Three things stand out to me in this table. The clean, deployable fine-tunes give a real but small lift: semantic and direct SQL both reach 0.581 from the base model's 0.558, a 2.3 percentage point improvement that shows the training data teaches something, and stays well short of Sonnet's 0.674. Recovery training gave nothing at all, it tied the base model exactly, and my reading is that the generated repair data did not yet contain moves worth learning, so I file the idea as untested rather than disproven. And the cheat run jumped to 0.651 value accuracy, within about two points of Sonnet, with strict accuracy ahead of Sonnet's, 0.465 against 0.395.

Reading the cheat

The reason the schema-hints number matters is what the errors look like without the hints. Going through the failures, the model rarely writes garbage. Most wrong SQL is plausible SQL: a reasonable-looking query against customer_orders when the table is called orders, a LEFT JOIN where the question needs an INNER JOIN, a filter on "France" when the column stores "FR". Syntax was never the problem, since raw Qwen produces syntactically valid SQL essentially every time, 1.000 across the board, and it generally understands the English question too. What it cannot do reliably is find its way around a database it has never seen, and in a conversation that navigation problem compounds, because the model is also carrying context forward, resolving references, and adjusting when the filter that worked on turn 2 needs a different column on turn 4.

So the experiment I designed to test SQL writing ended up measuring something else. Table and column selection is the bottleneck, and once the hints remove it, a 9B model on my desk sits two points from the frontier on this data. That changed what I plan to work on next.

Limits of this comparison

The comparison is controlled, same rows, same scorer, same protocol for every run including Sonnet, and it is small: 43 generated-history follow-up turns from 12 CoSQL dialogs. It supports the claims that fine-tuning lifts a local model a little, that Sonnet 4.6 stays ahead of every deployable local run, and that the gap nearly closes when navigation is handed to the model for free. It does not support claiming that a local 9B beats Sonnet, that schema hints are usable outside the lab, or that recovery training works. I am comfortable with those limits, since what I wanted from the exercise was a direction for the next round of work.

What comes next

If table and column selection is the bottleneck, the next training data should teach it directly:

Which tables matter for this question?
Which columns express the requested metric or dimension?
Which stored values match the user's wording?
What should carry forward from the previous turn?
What changed in the follow-up: filter, grouping, metric, or repair?
When execution returns nothing, what is the next reasonable attempt?

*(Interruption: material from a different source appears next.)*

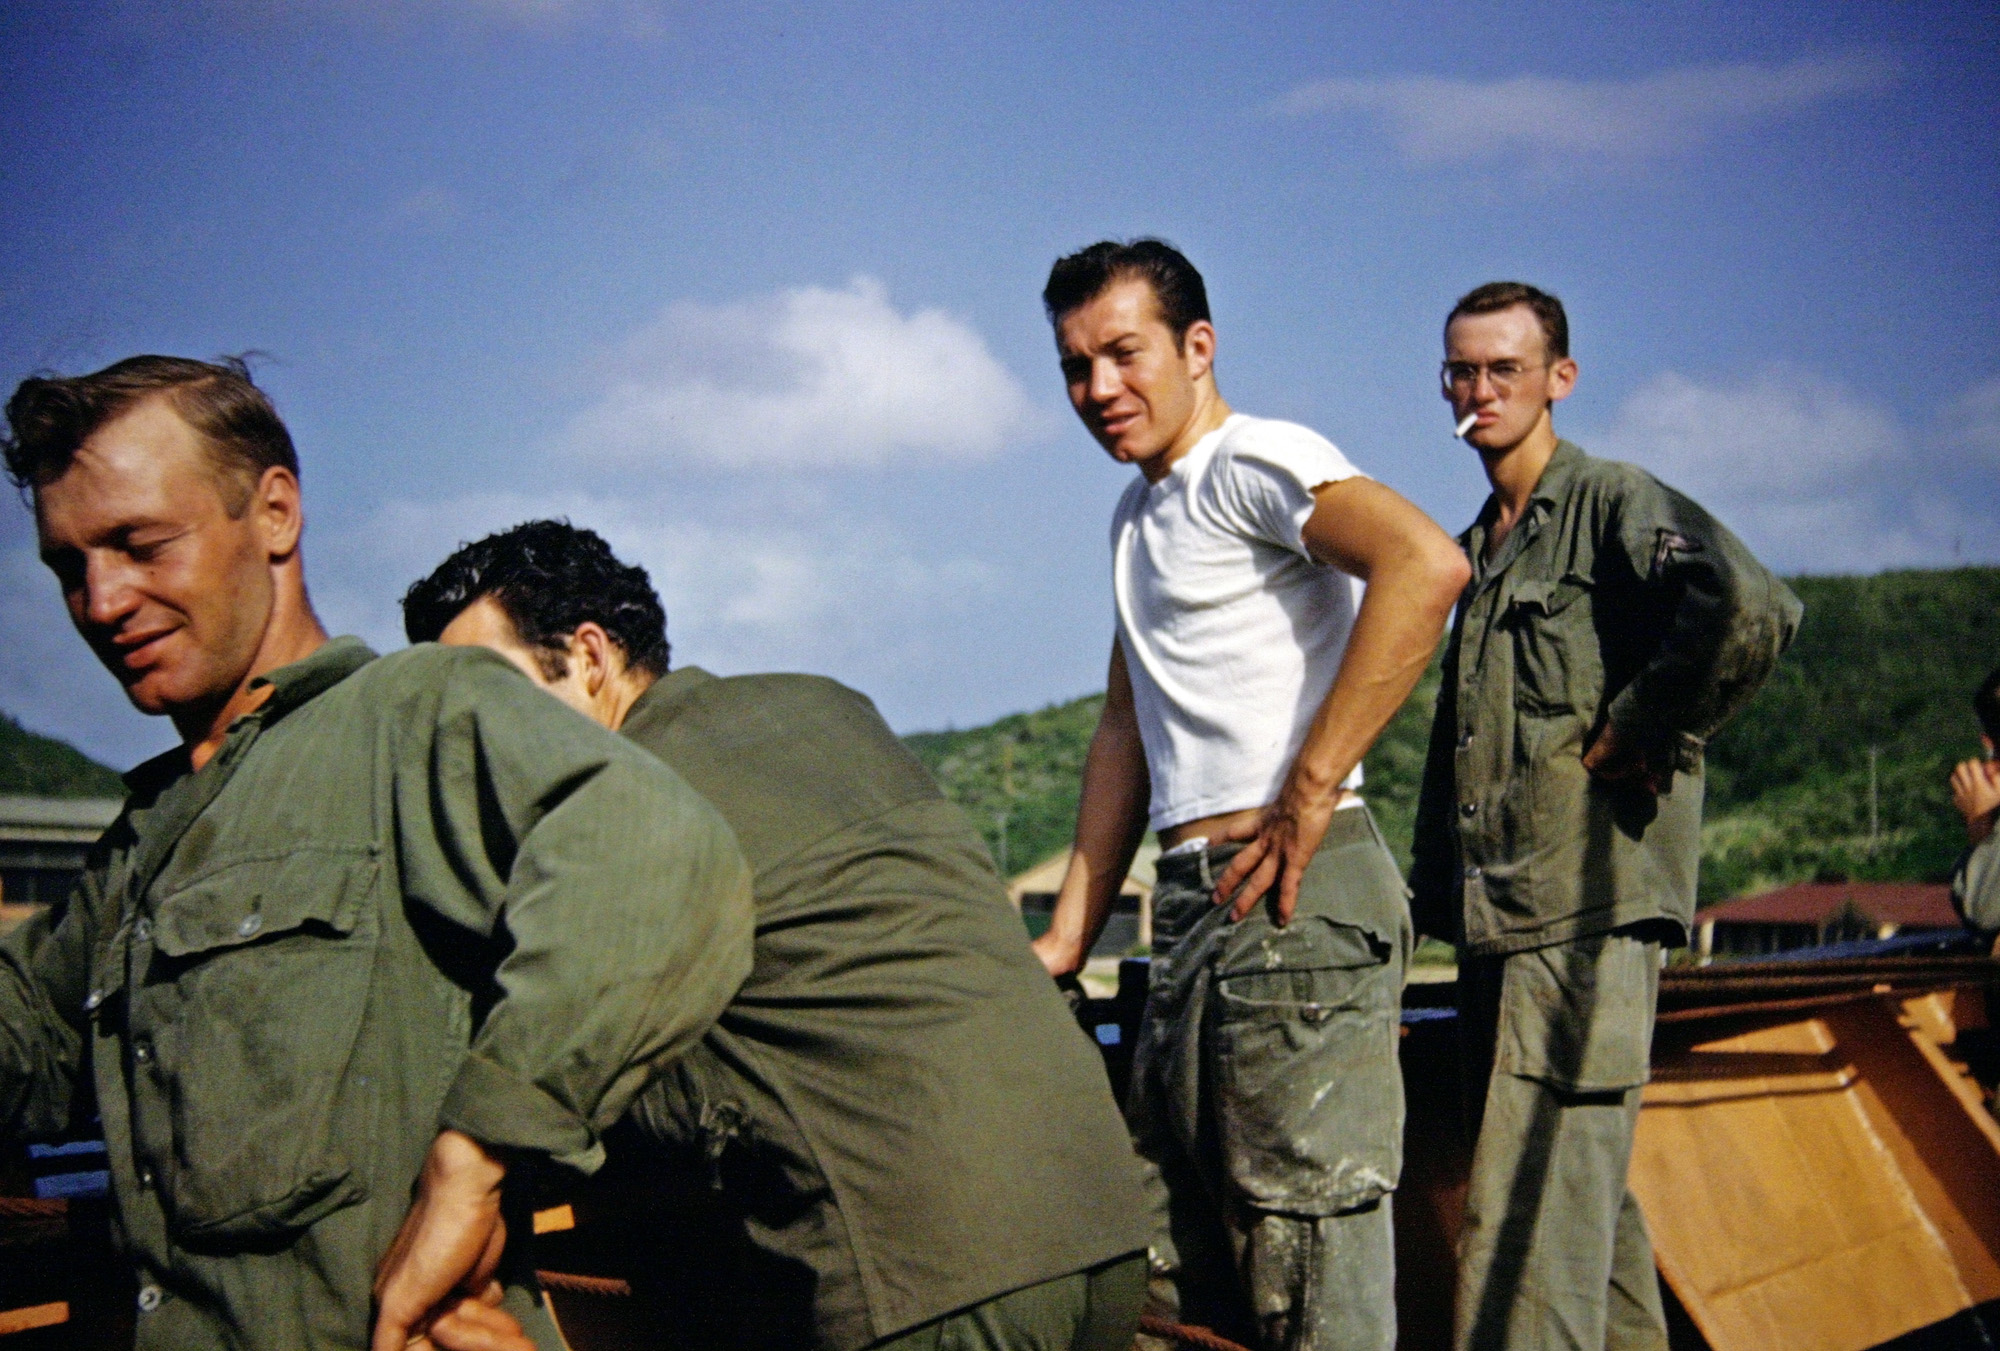 My brother's buddies on a brief cruise. Puerto Rico 1949. View full size.

Once that protocol is stable locally, I want to scale the same evaluation toward BIRD-Interact and re-ask the question against the hosted models there.

The fine-tuning code, the training data generation, and the eval harness are in github.com/xdanny/multiturn-sql-finetuning. If your own agent handles single questions and gets lost in follow-ups, I would be curious whether table selection turns out to be the bottleneck on your schema as well.